= Activity =
From the material below, return exactly the lines starting at the one that holds "Französische Landschaft" and ending at the one that holds "Zustand: sehr guter und gesunder Zustand". Pictures stay out of the answer.

= Material shown =
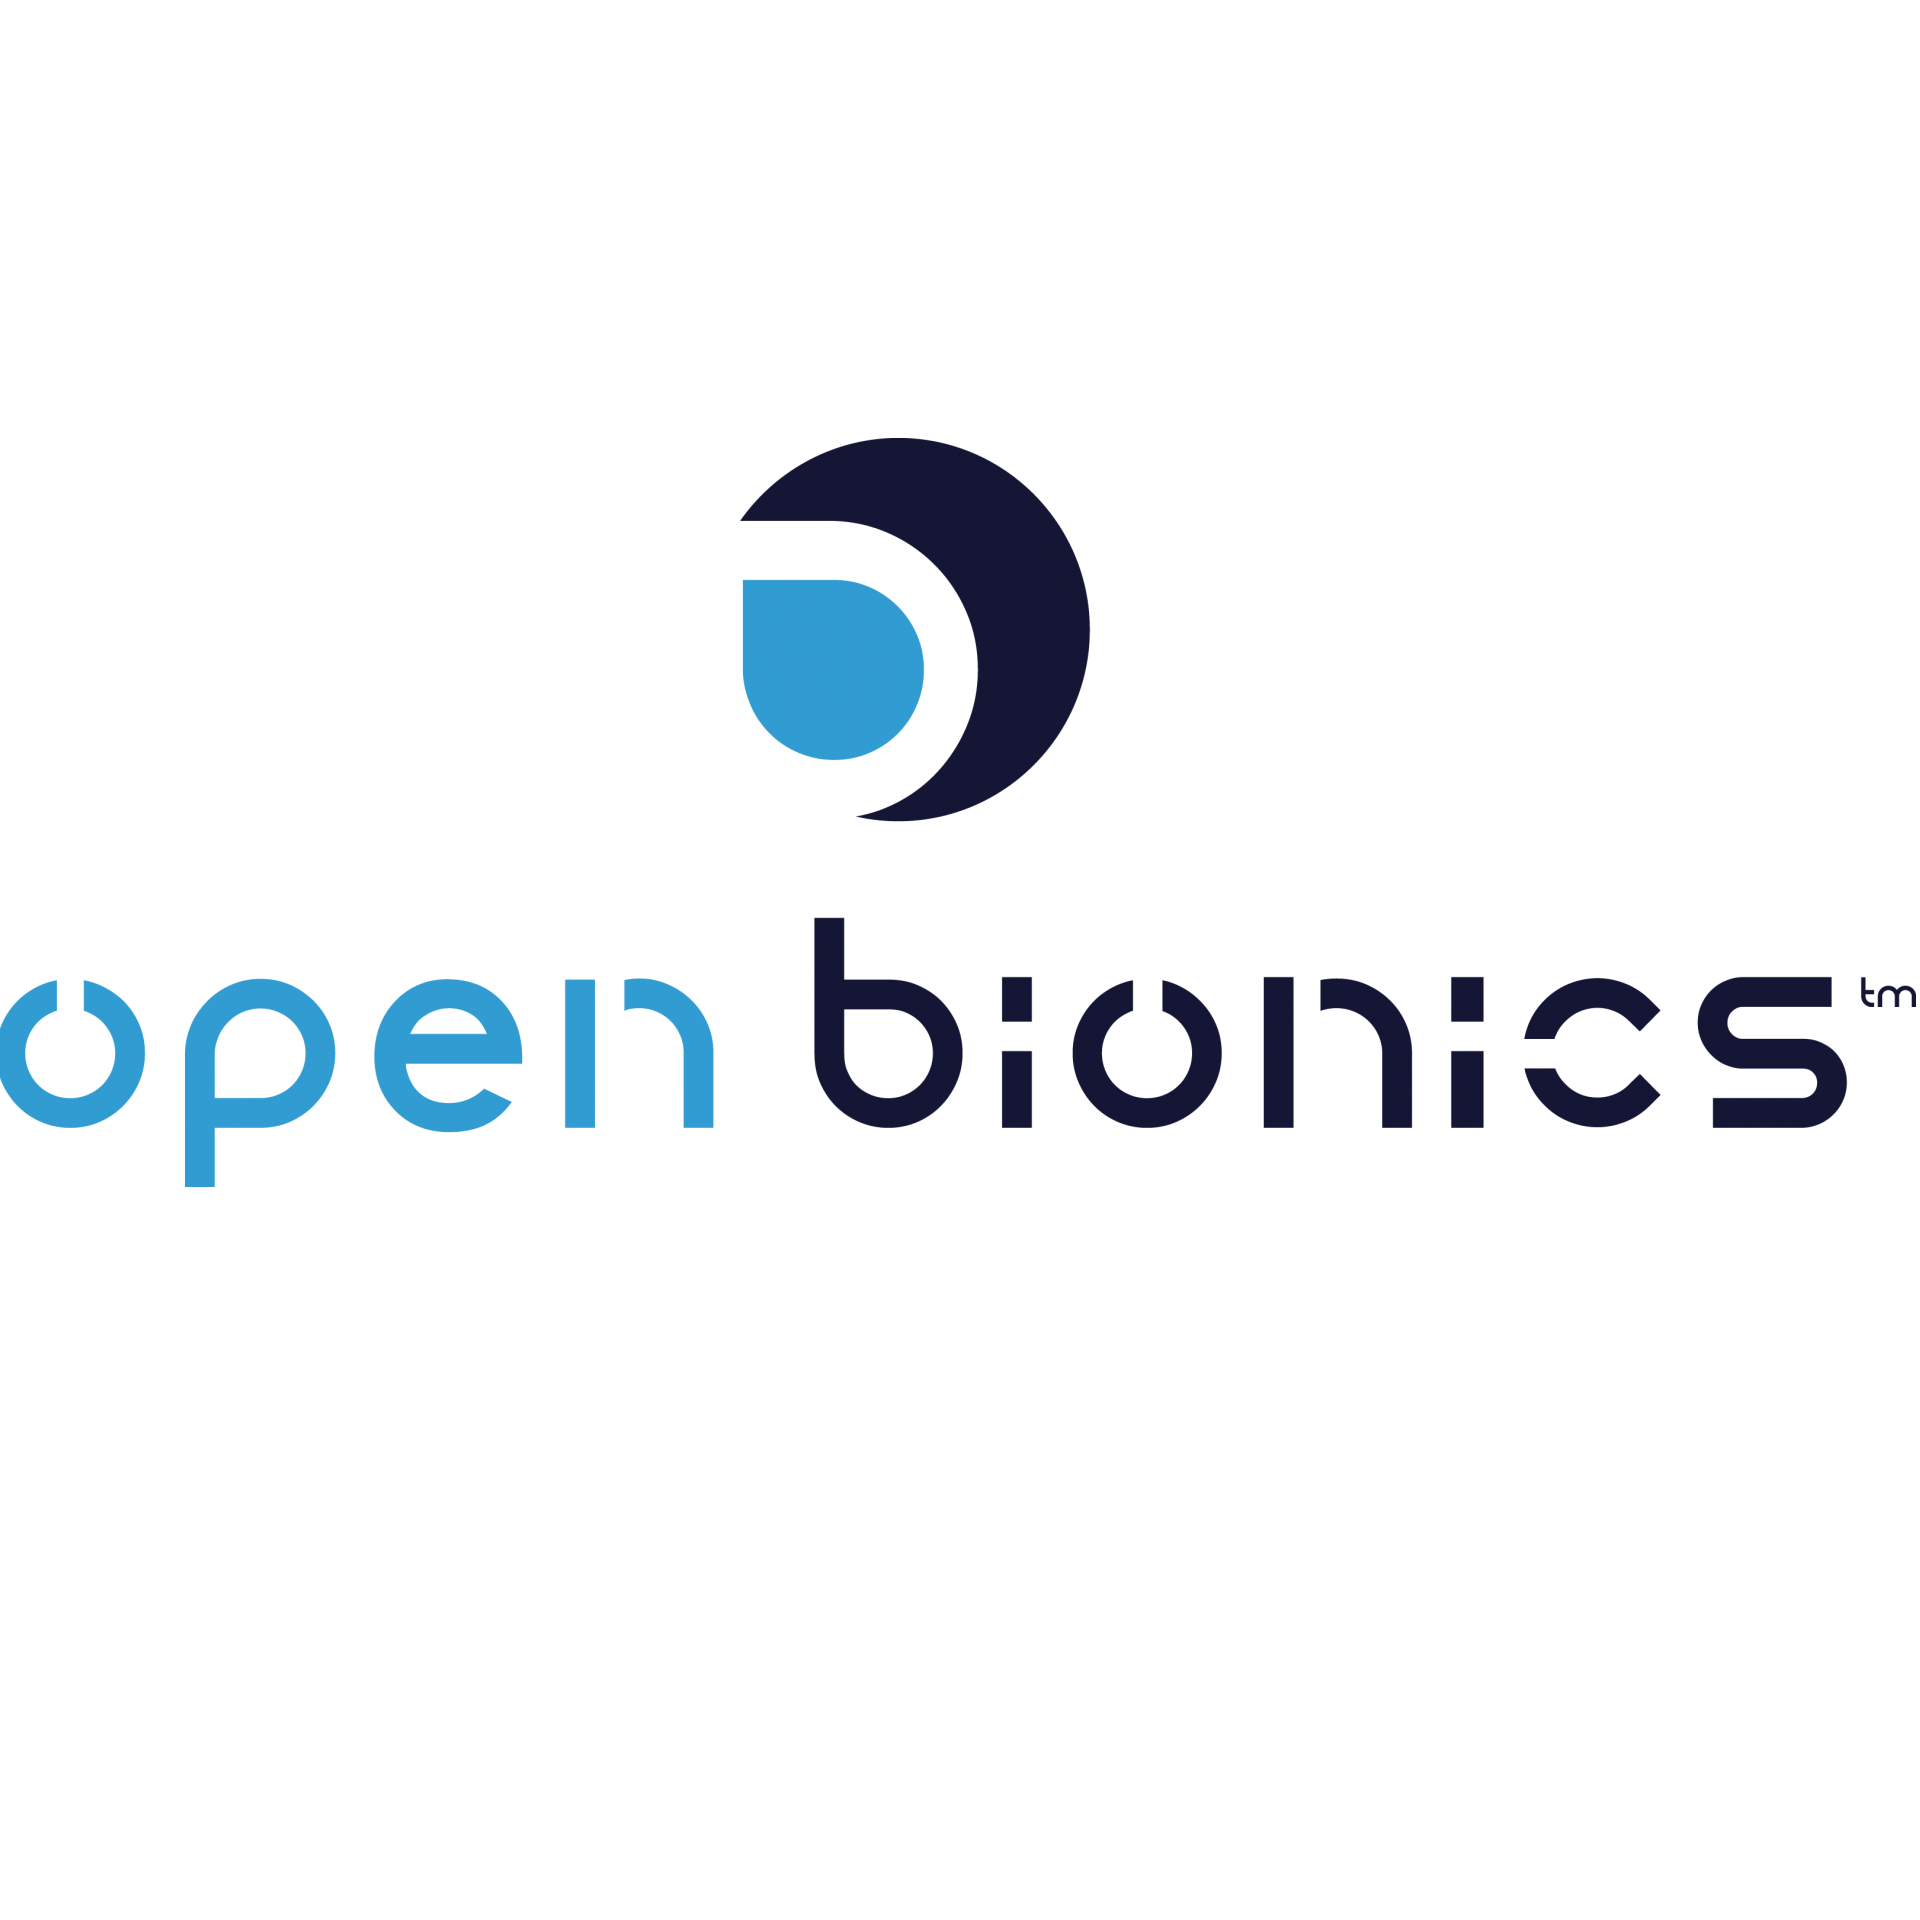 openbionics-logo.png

==

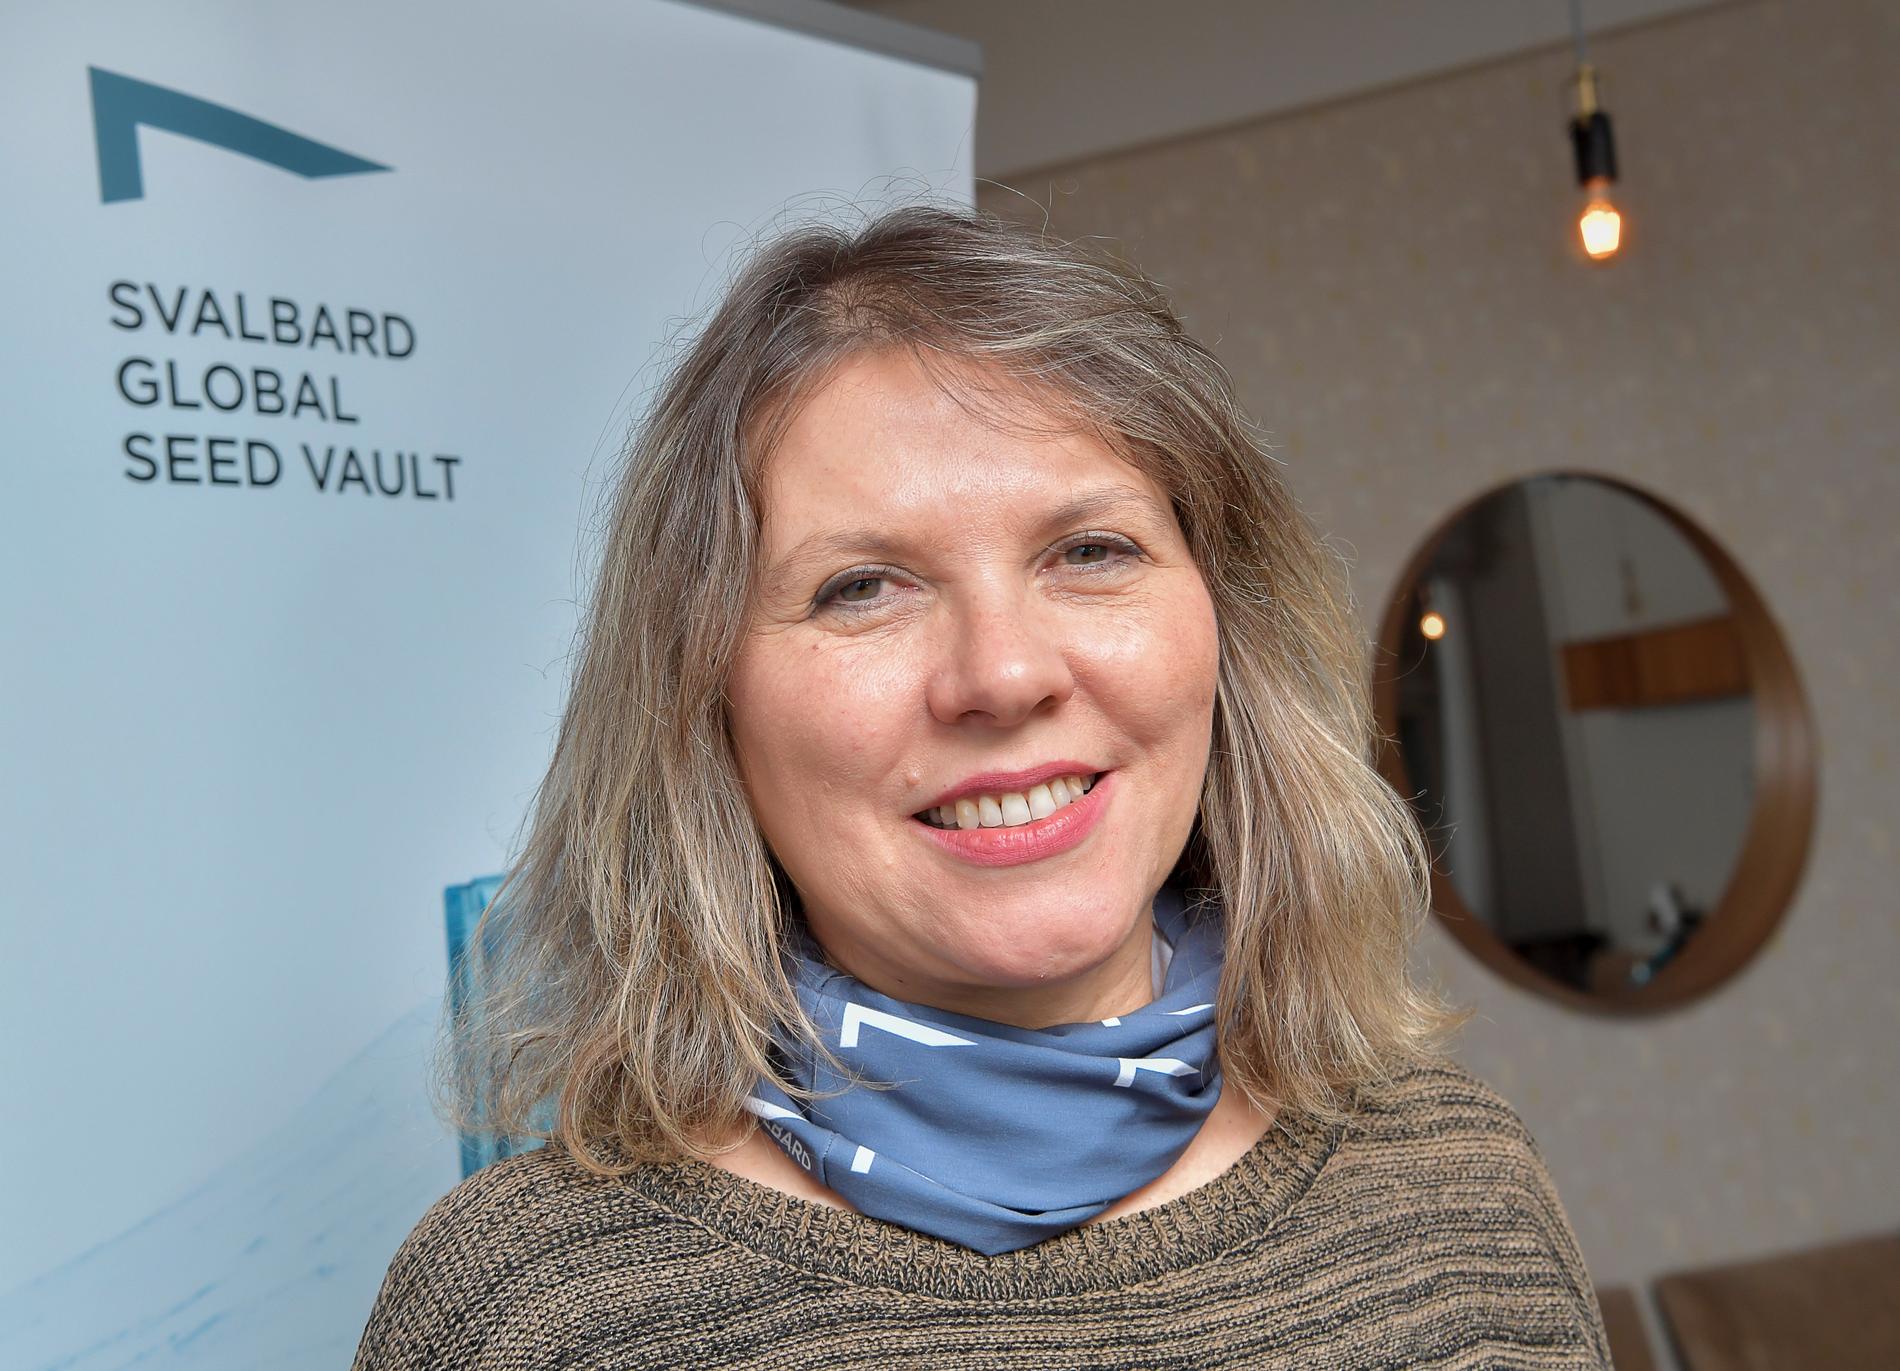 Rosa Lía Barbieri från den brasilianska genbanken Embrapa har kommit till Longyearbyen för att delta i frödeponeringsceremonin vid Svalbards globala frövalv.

* * *

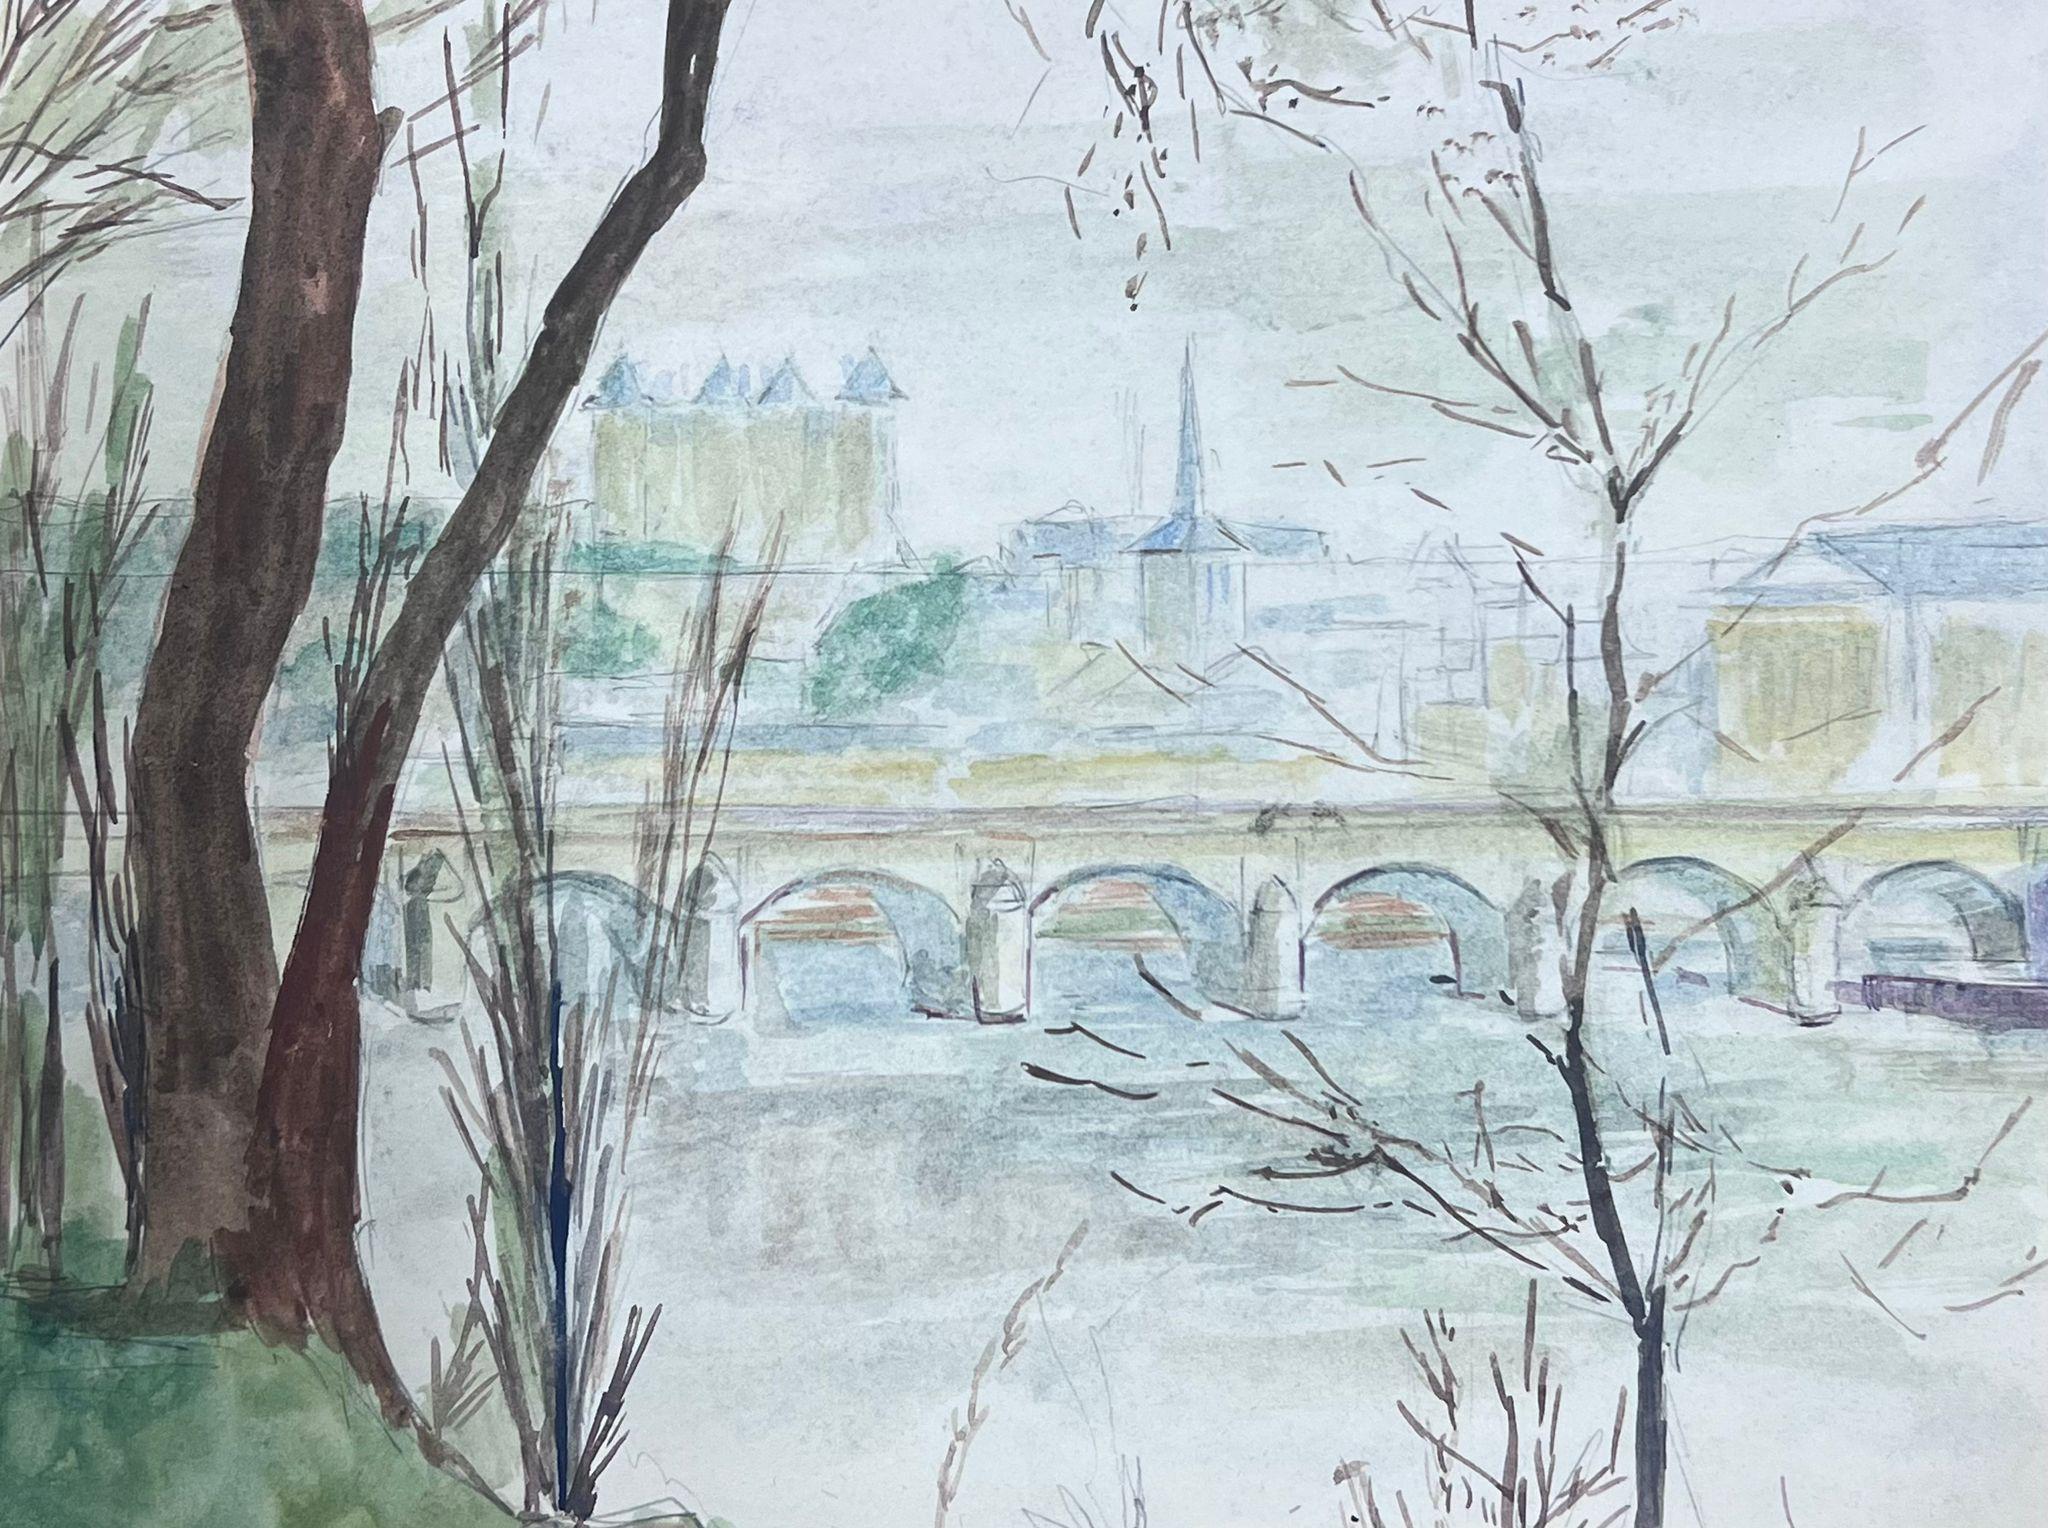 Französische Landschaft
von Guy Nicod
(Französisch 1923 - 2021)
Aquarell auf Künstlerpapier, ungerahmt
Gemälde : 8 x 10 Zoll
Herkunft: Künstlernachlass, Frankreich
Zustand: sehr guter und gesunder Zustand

= Result =
 Französische Landschaft
von Guy Nicod
(Französisch 1923 - 2021)
Aquarell auf Künstlerpapier, ungerahmt
Gemälde : 8 x 10 Zoll
Herkunft: Künstlernachlass, Frankreich
Zustand: sehr guter und gesunder Zustand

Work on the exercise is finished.